Das Grauen

Apocaplypse Now (USA 1979)

Die durch die Hölle gehen (The Deer Hunter, USA 1978)

 

Da liegt ein Mann im Sterben, und sein Blick geht weit in die Ferne und zugleich direkt in die Seele seines Seins, und was er erblickt, sind seine letzten Worte: Das Grauen! Das Grauen!” Heart of Darkness ist Joseph Conrads Novelle aus dem Jahr 1899 betitelt, und geradewegs ins Herz dieser Finsternis begibt sich Marlow, der Erzähler, auf seiner Reise den Kongo hinauf. Er ist auf der Suche nach Kurtz, dem Leiter der äußersten Station für den Handel mit Elfenbein.
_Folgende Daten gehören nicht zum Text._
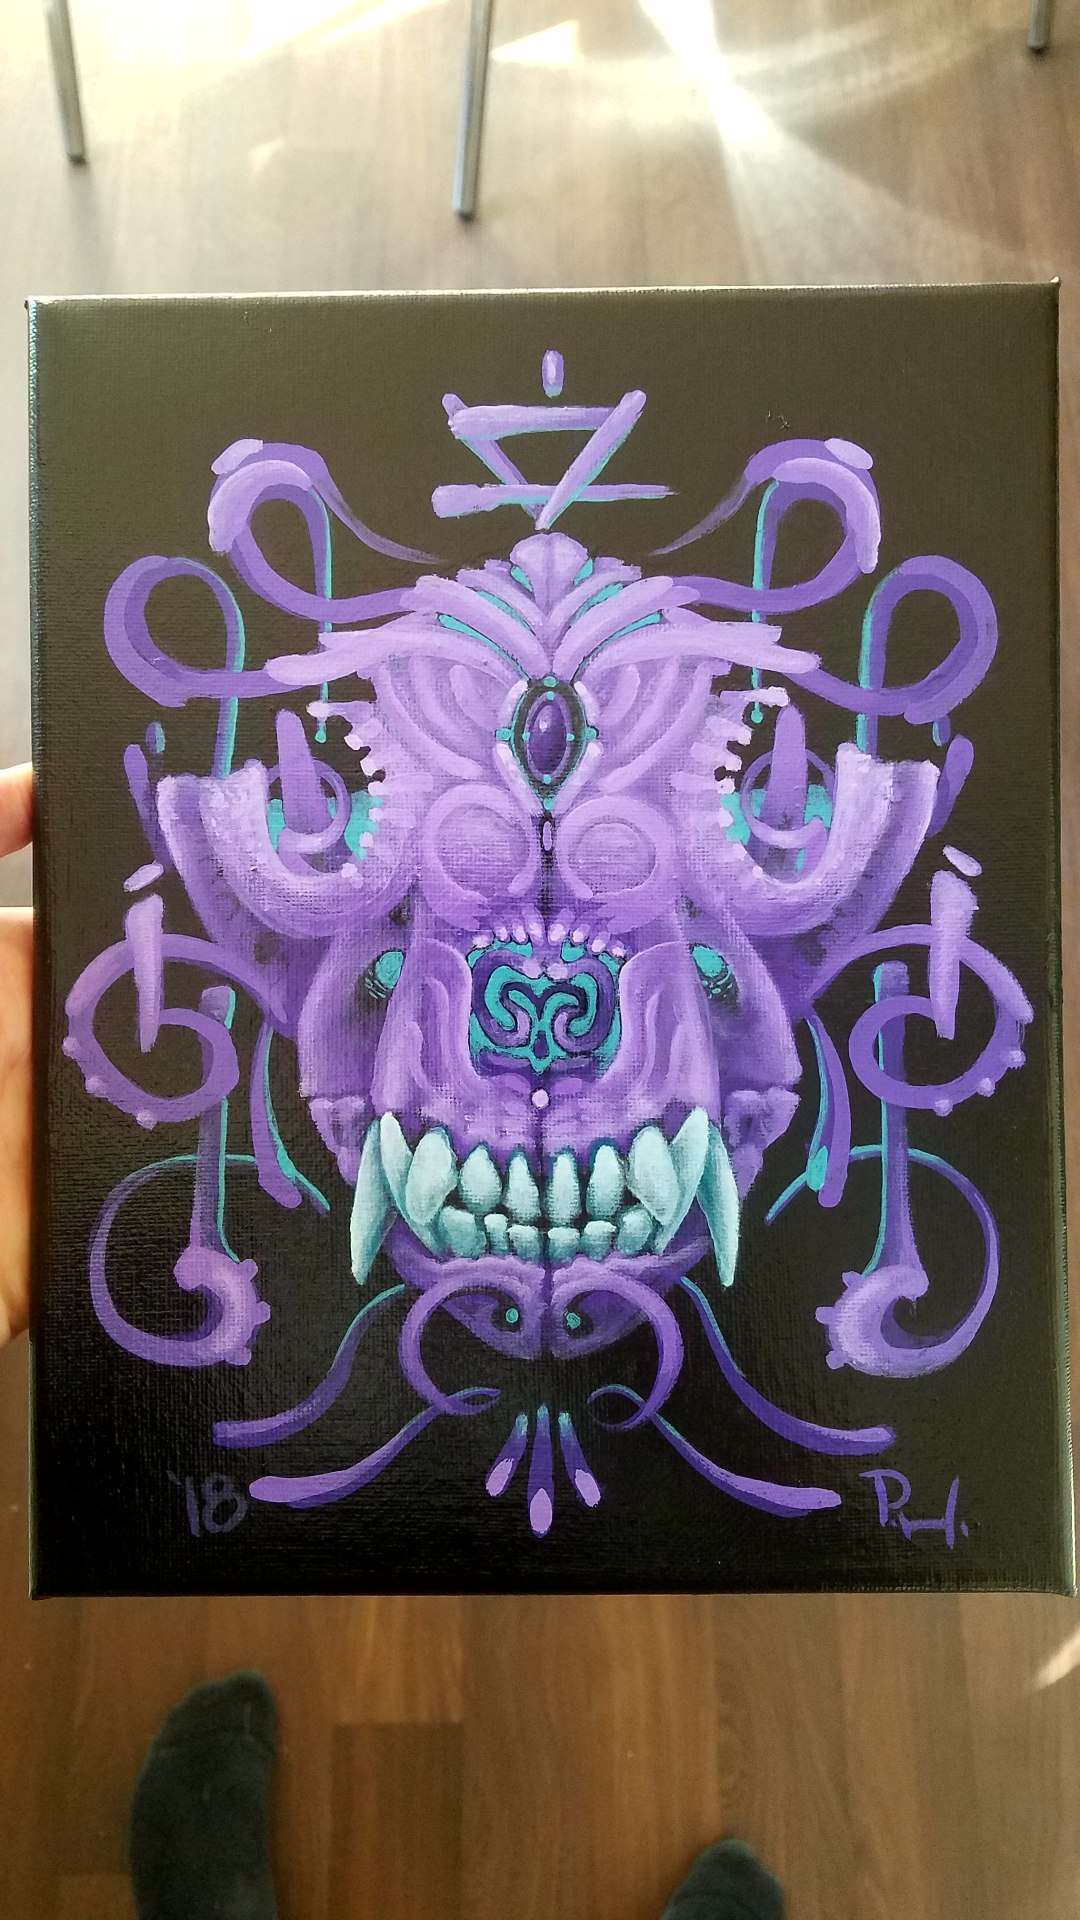 Beatle Stag bug art painting surrealist surreal orange teal filigree orbs gold earth dog alchemy alchemist skull symbol succulent black hofmeister ddef san jose california artist painter dream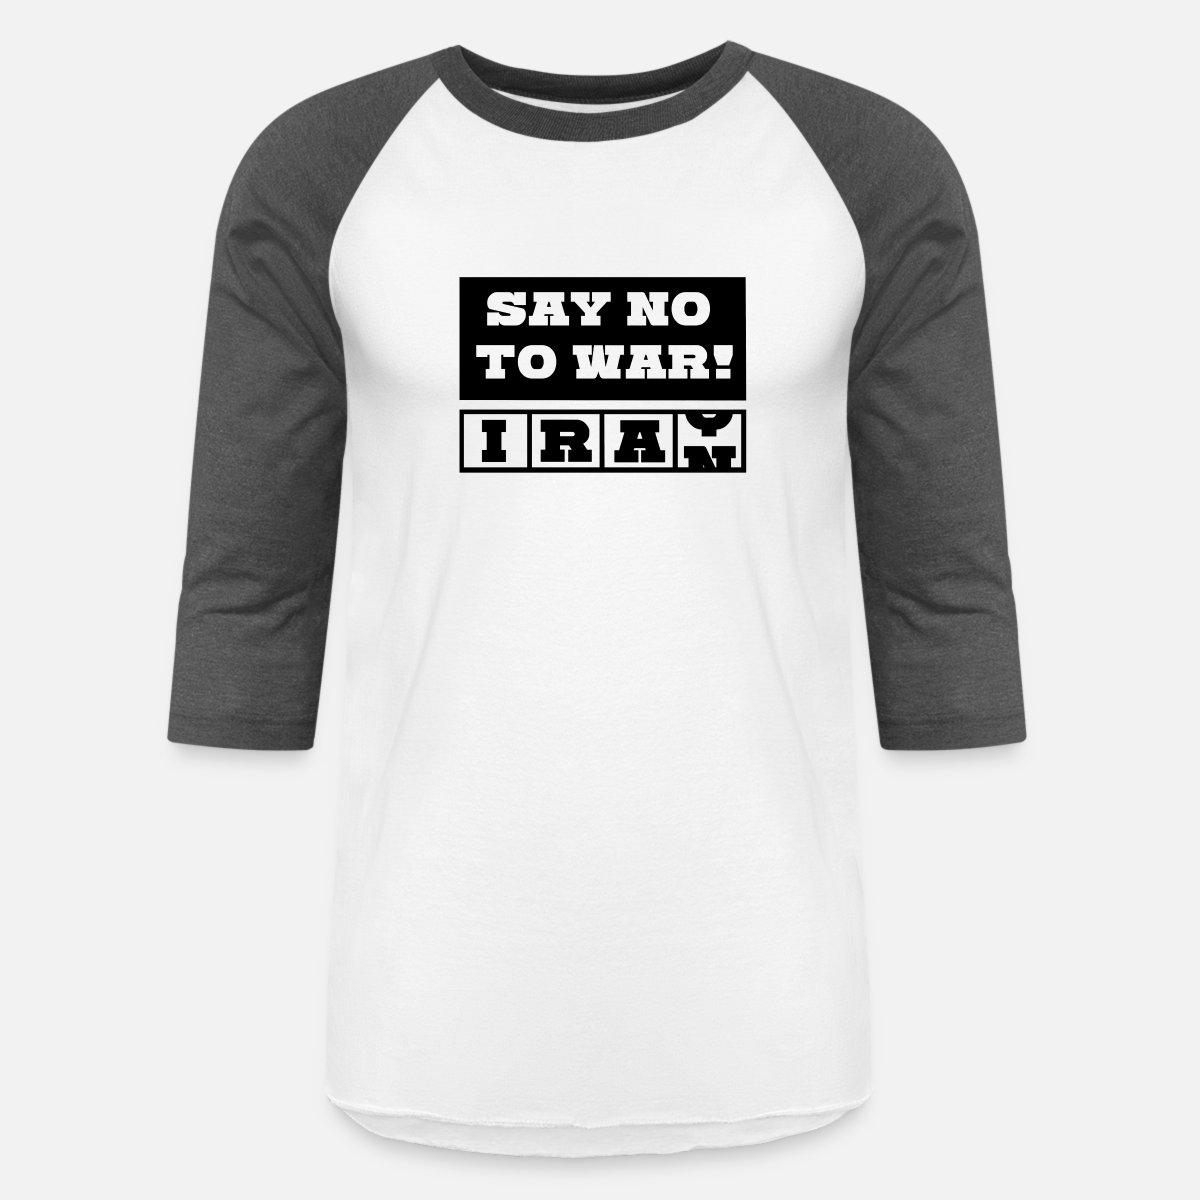 f84a8eb701 Best T Shirts Sayings | Top Mode Depot

Die Schiffsfahrt dorthin gerät zum veritablen Alptraum in die Schrecken kolonialer Ausbeutung und Grausamkeiten. Marlow versteht die Welt nicht, die ihn hier umgibt, und Kurtz, dem Fieberkranken, dem Sterbenden, dem Diktator der Dschungels, ist das Verständnis für jegliche Realität längst abhanden gekommen. In seinen letzten gehauchten Worten verdichtet sich ihm seine Existenz zur Einsicht in die Abgründe des Wahnsinns.

The horror! The horror!”, sind auch Marlon Brandos letzte Worte, die Szenerie hat sich vom Belgisch-Kongo der Kolonialzeit zum Vietnamkriegsszenario der 1970er-Jahre gewandelt. Für seine freie filmische Adaption der Inszenierung des Irrsinns des Krieges entwickelt Francis Ford Coppola eine verzerrte Spiegelung jener Verzweiflung, die Conrads Text kennzeichnet, und findet dafür Bilder der Steigerung und Vertiefung, wenn er etwa zum Score des Wallkürenritts einen Strandabschnitt bombardieren lässt, um das ungestörte Surfen der GIs abzusichern: I love napalm in the morning.”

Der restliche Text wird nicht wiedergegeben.